Cairn was built for those products. It is a Rust-based offline geocoder where the entire database — every address, every administrative polygon, every point of interest, the full text index, even the spatial structures — ships as a directory you can copy onto a disk, mmap into a server, embed in a desktop app, or stream into a browser.
This article walks through why the on-disk format is shaped the way it is, what makes the tile architecture useful, and how mobile apps actually consume the bundle today.
The bundle is the product
A Cairn deployment is a directory called a bundle.
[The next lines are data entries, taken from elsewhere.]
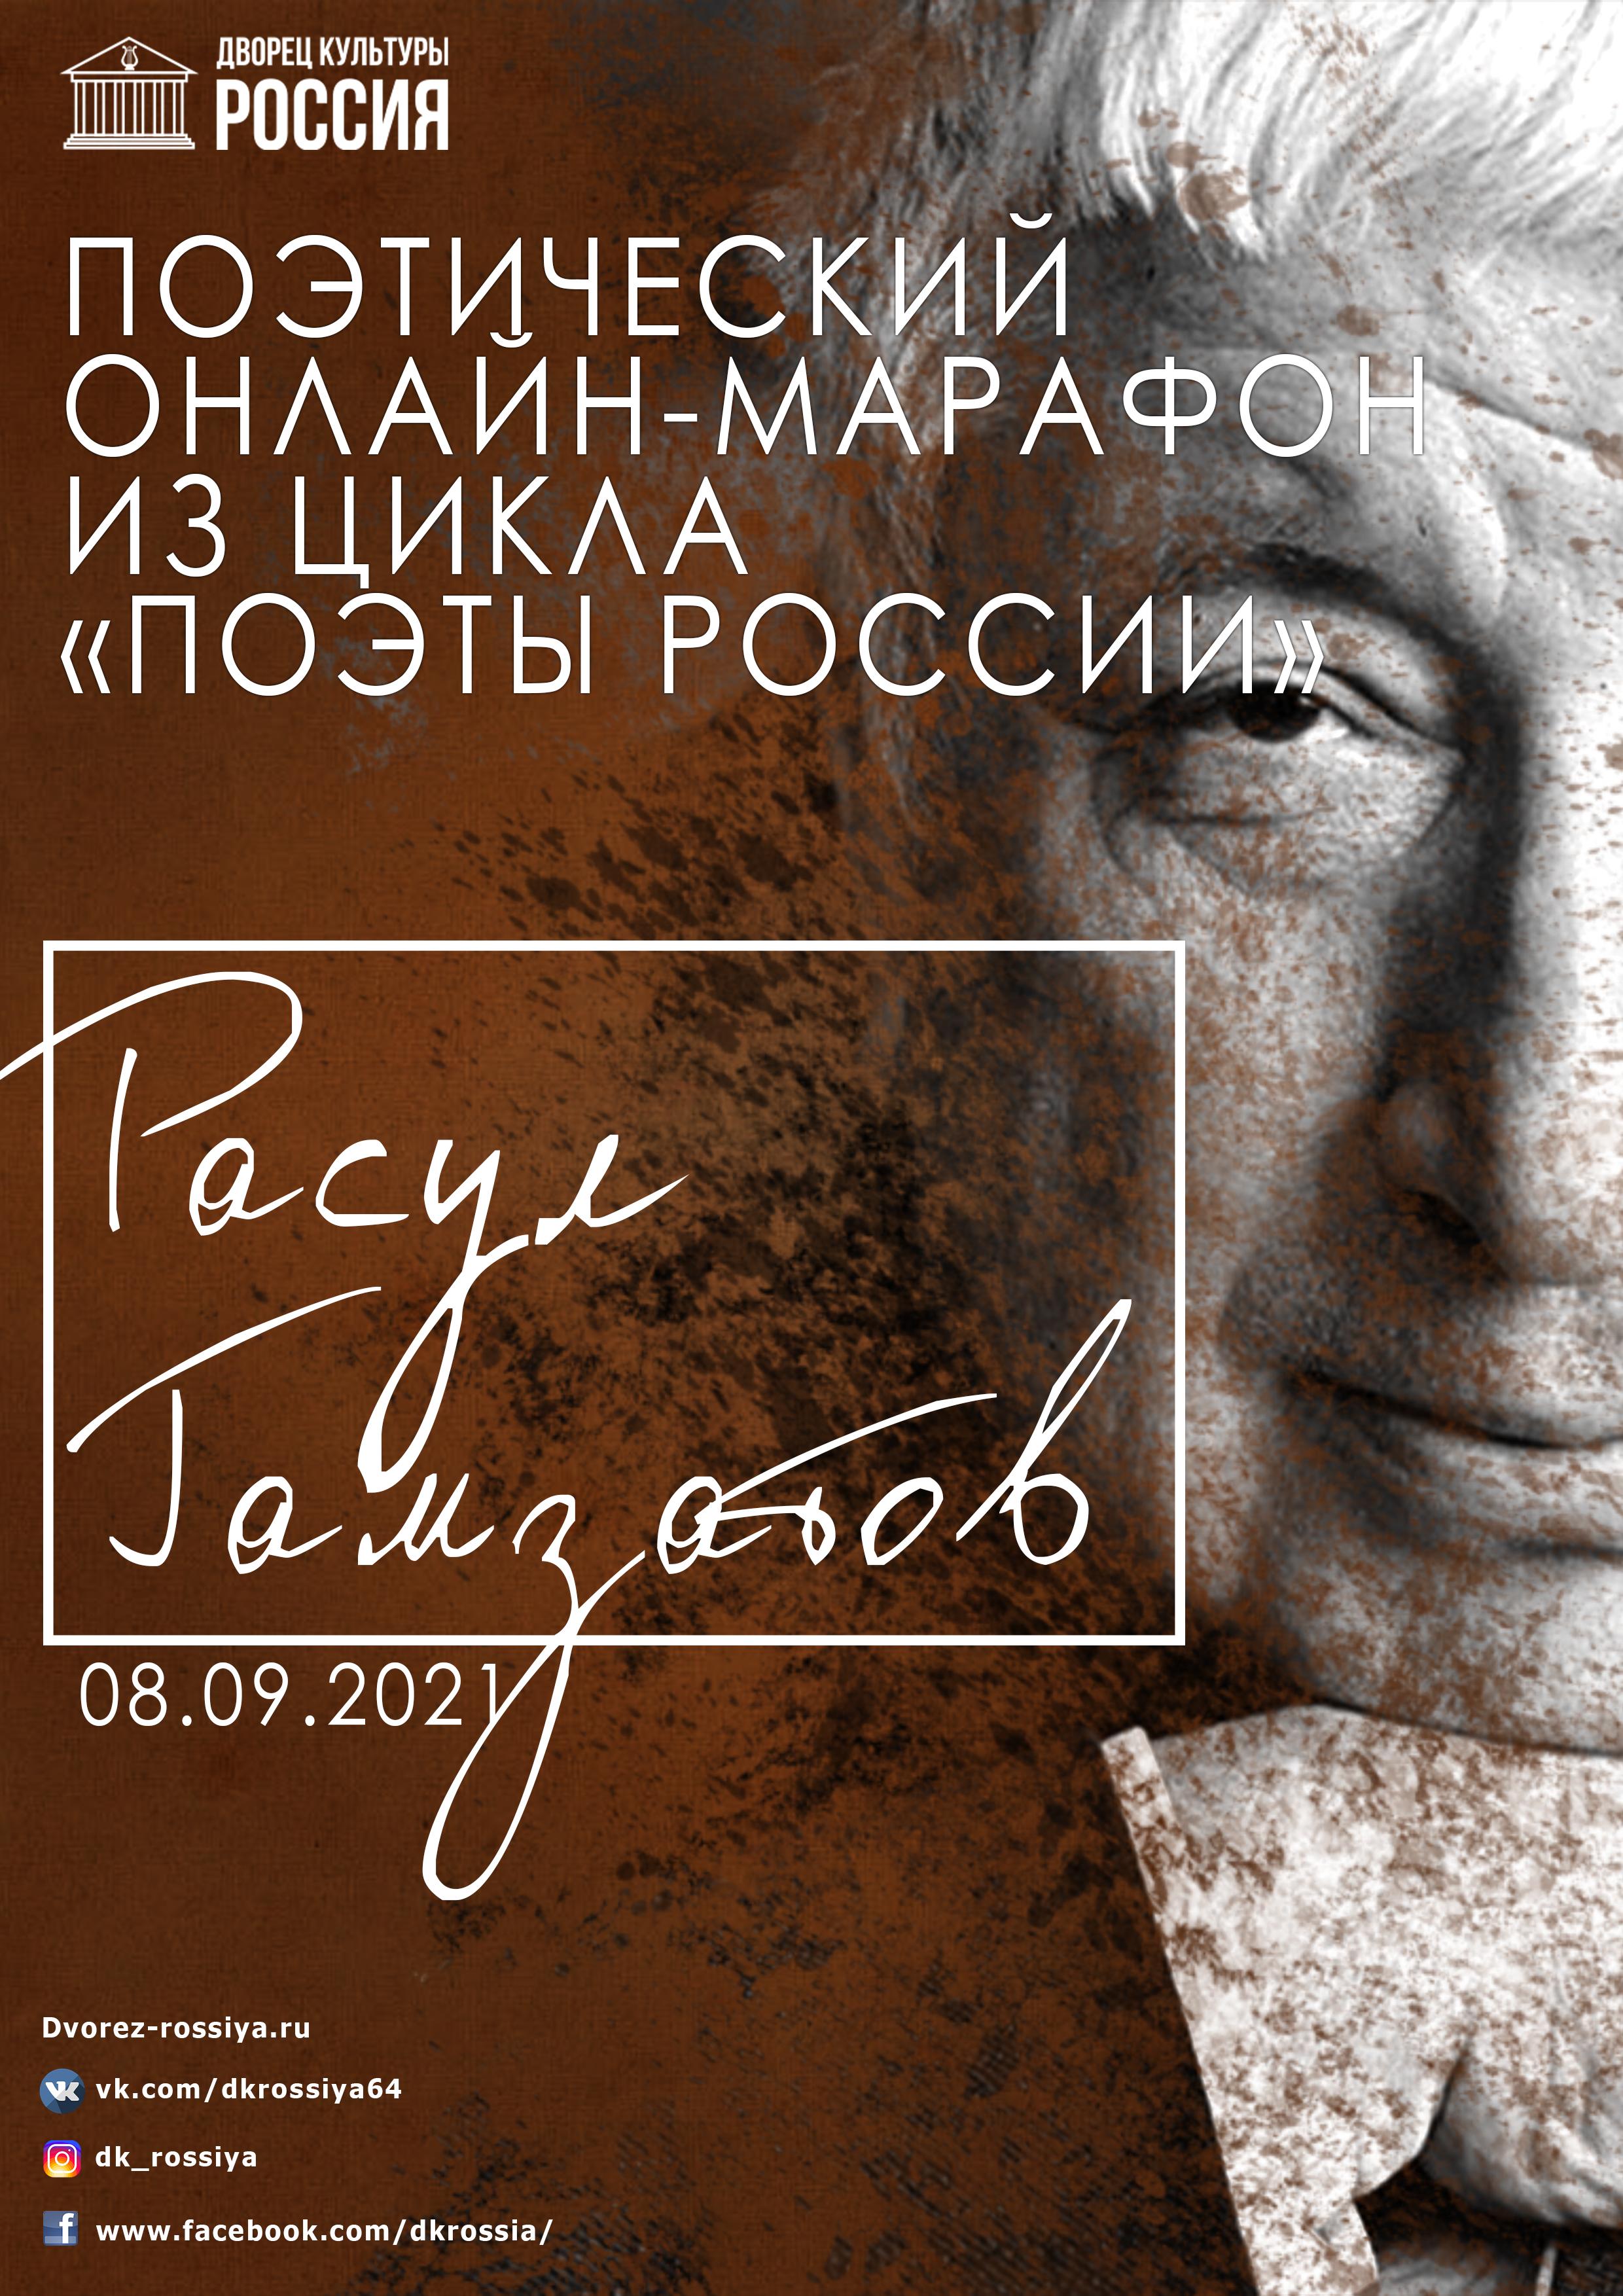 Поэтический марафон «Поэзия Р. Г. Гамзатова»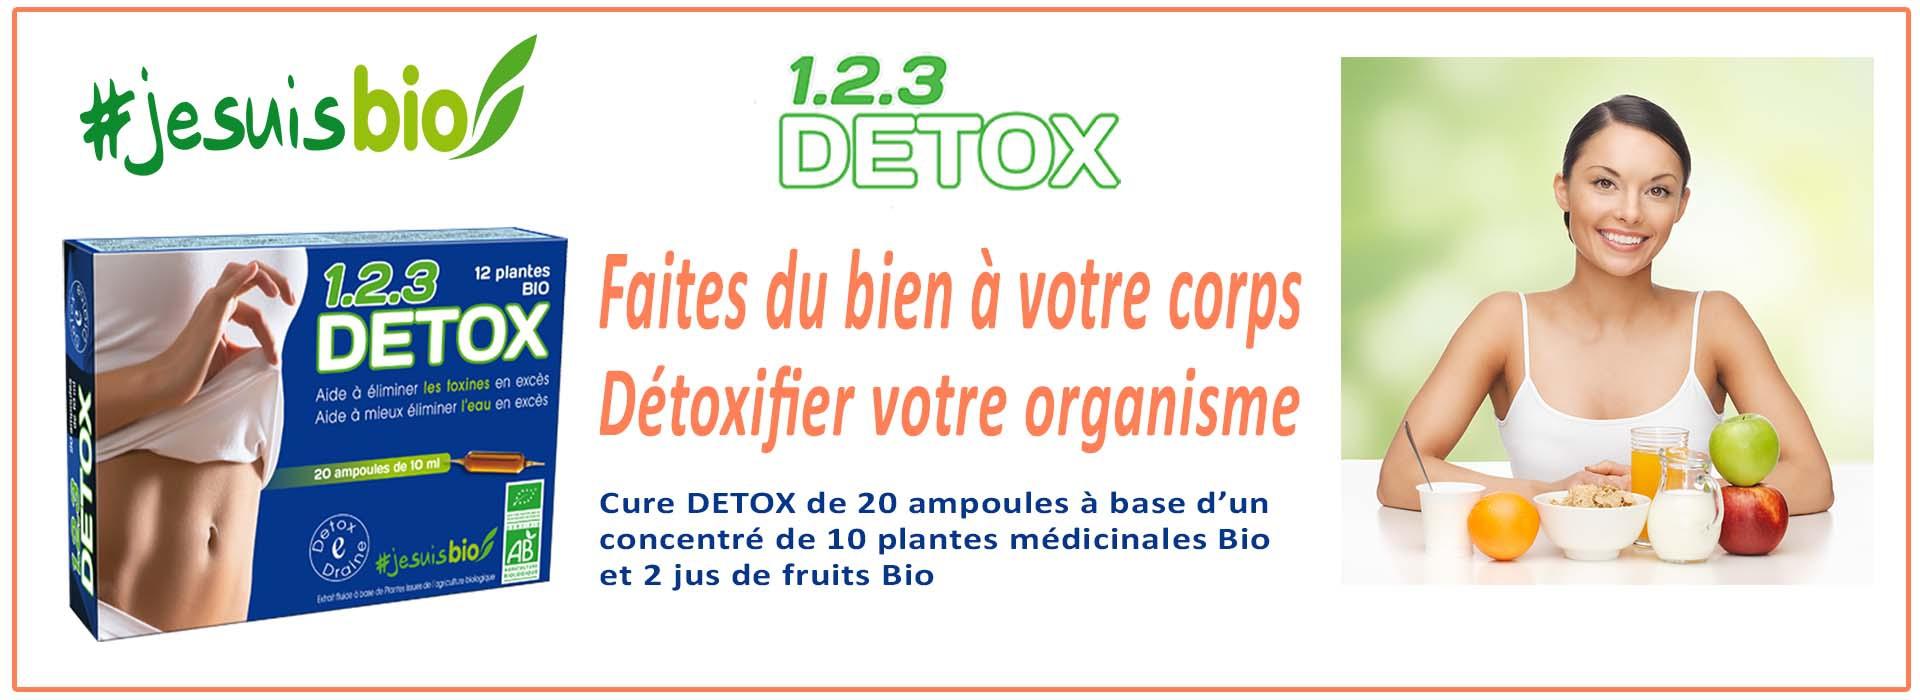 123 detox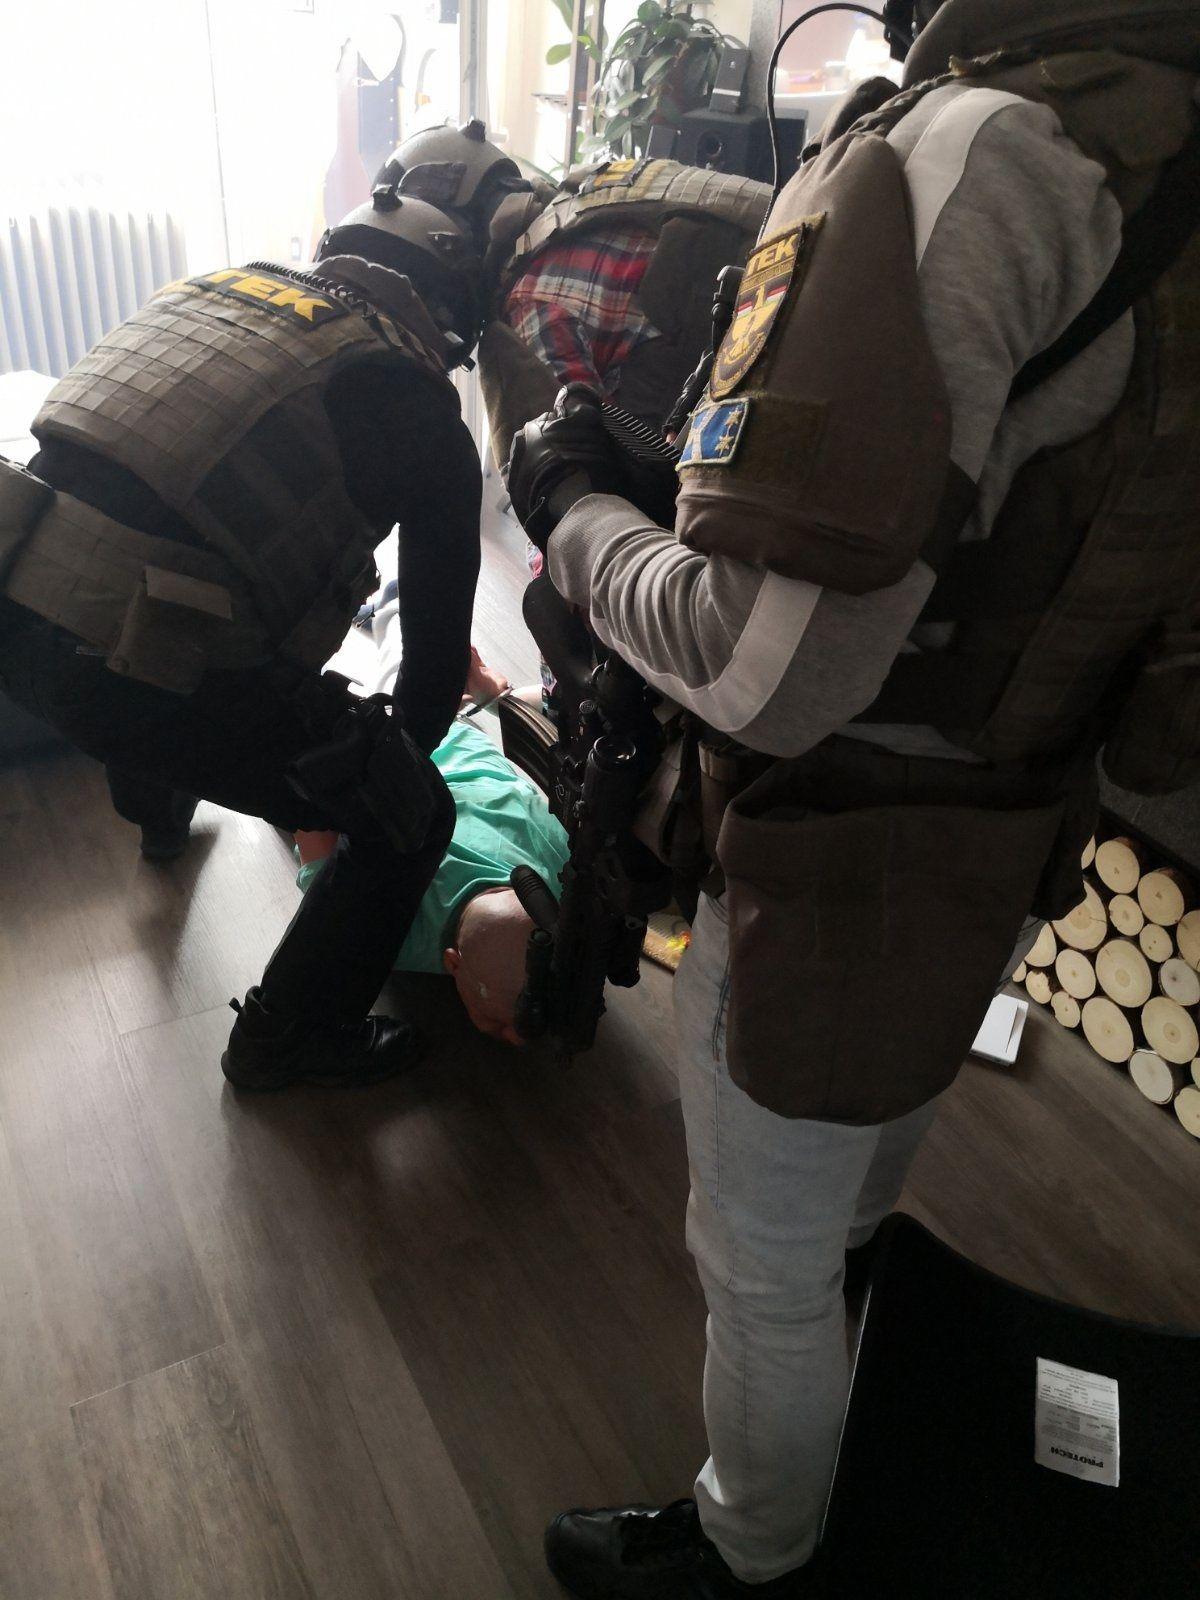 Szlovák és magyar drogdílert fogtak el a rendőrök – videó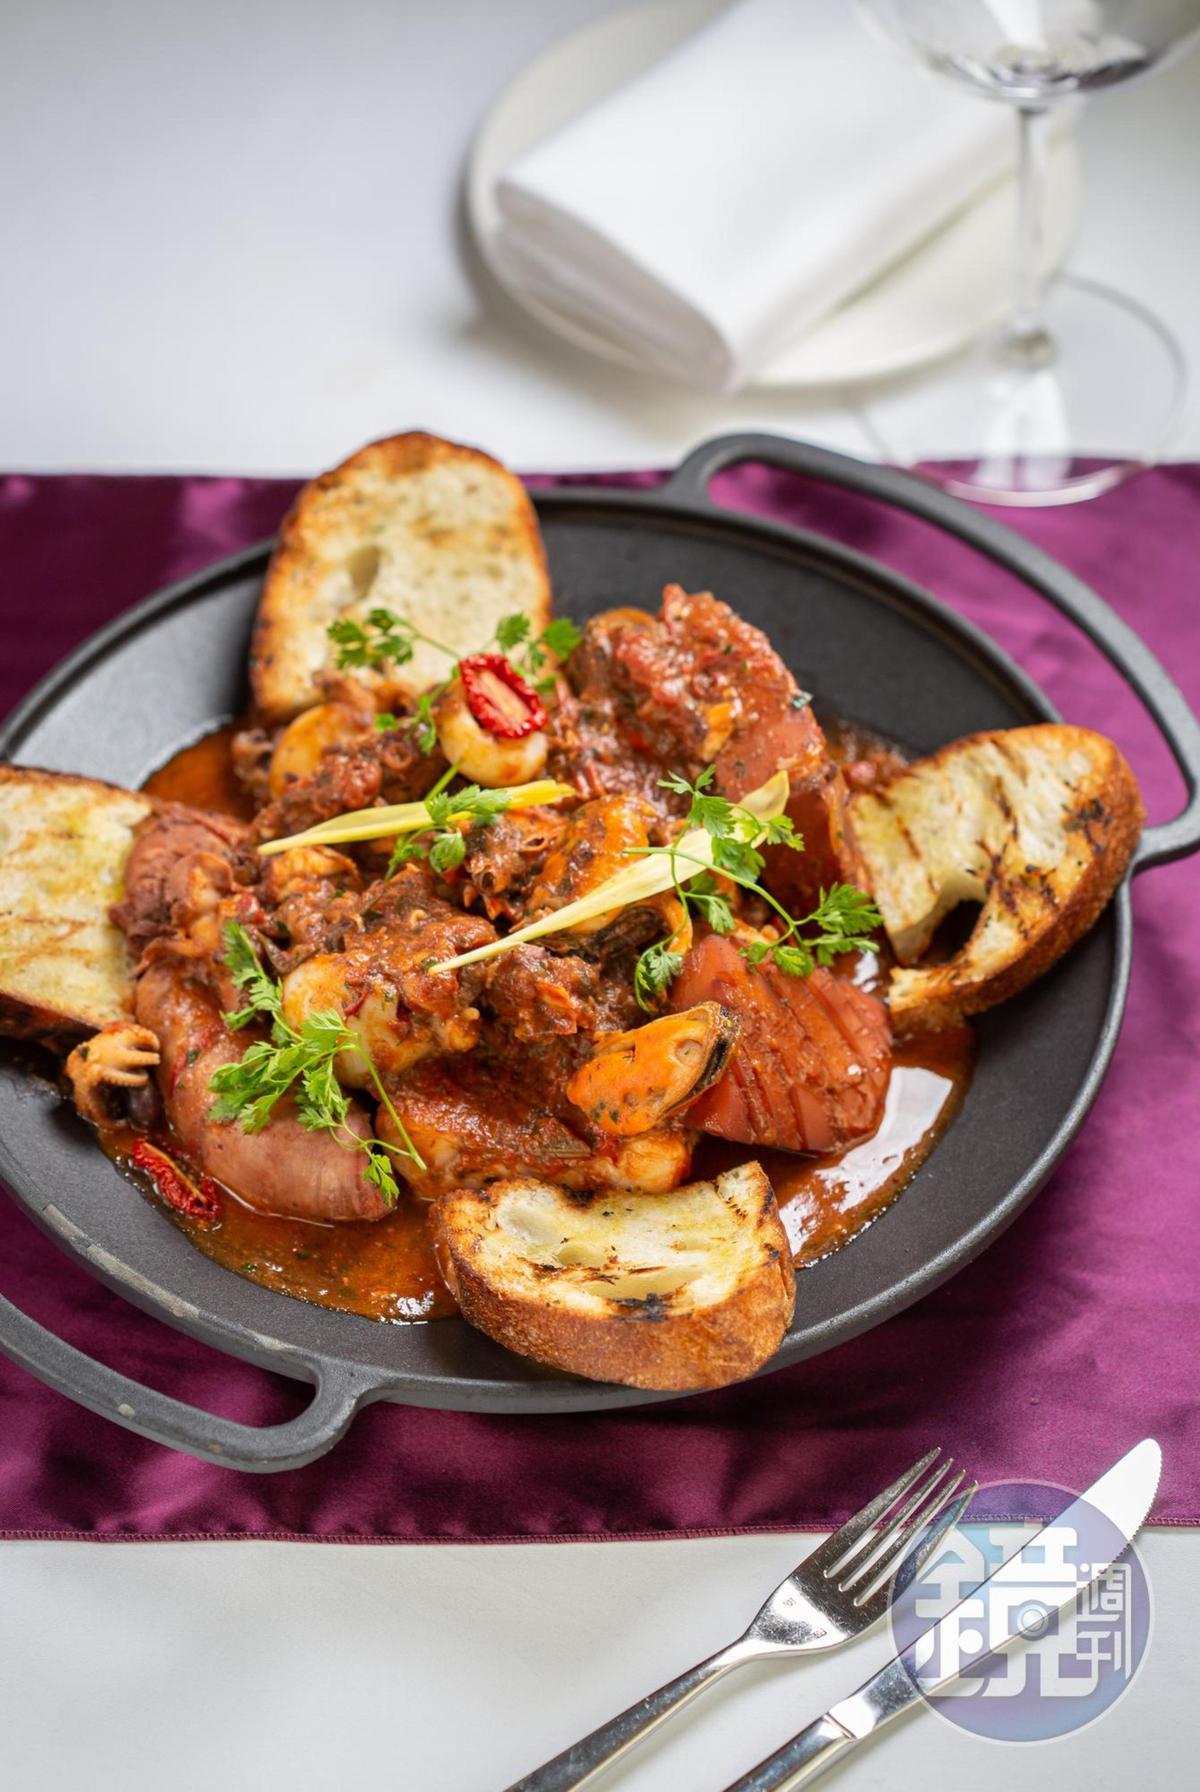 「托斯卡尼燉煮綜合海鮮」選用鮮魚、大花枝、大章魚,需視食材特性分次烹煮,匯聚海味精華。(1,880元/2人份)

A small Liechtenstein bundle weighs about 50 MB; a planet bundle weighs roughly 80–120 GB depending on how aggressively you simplify admin polygons. The shape is the same at every scale:
bundle/
├── manifest.toml # schema version, sources, every tile's blake3
├── tiles/ # places at three zoom levels
│ ├── 0/…/00.bin
│ ├── 1/…/01.bin
│ └── 2/…/02.bin
├── spatial/
│ ├── admin/ # admin polygons (countries, regions, cities)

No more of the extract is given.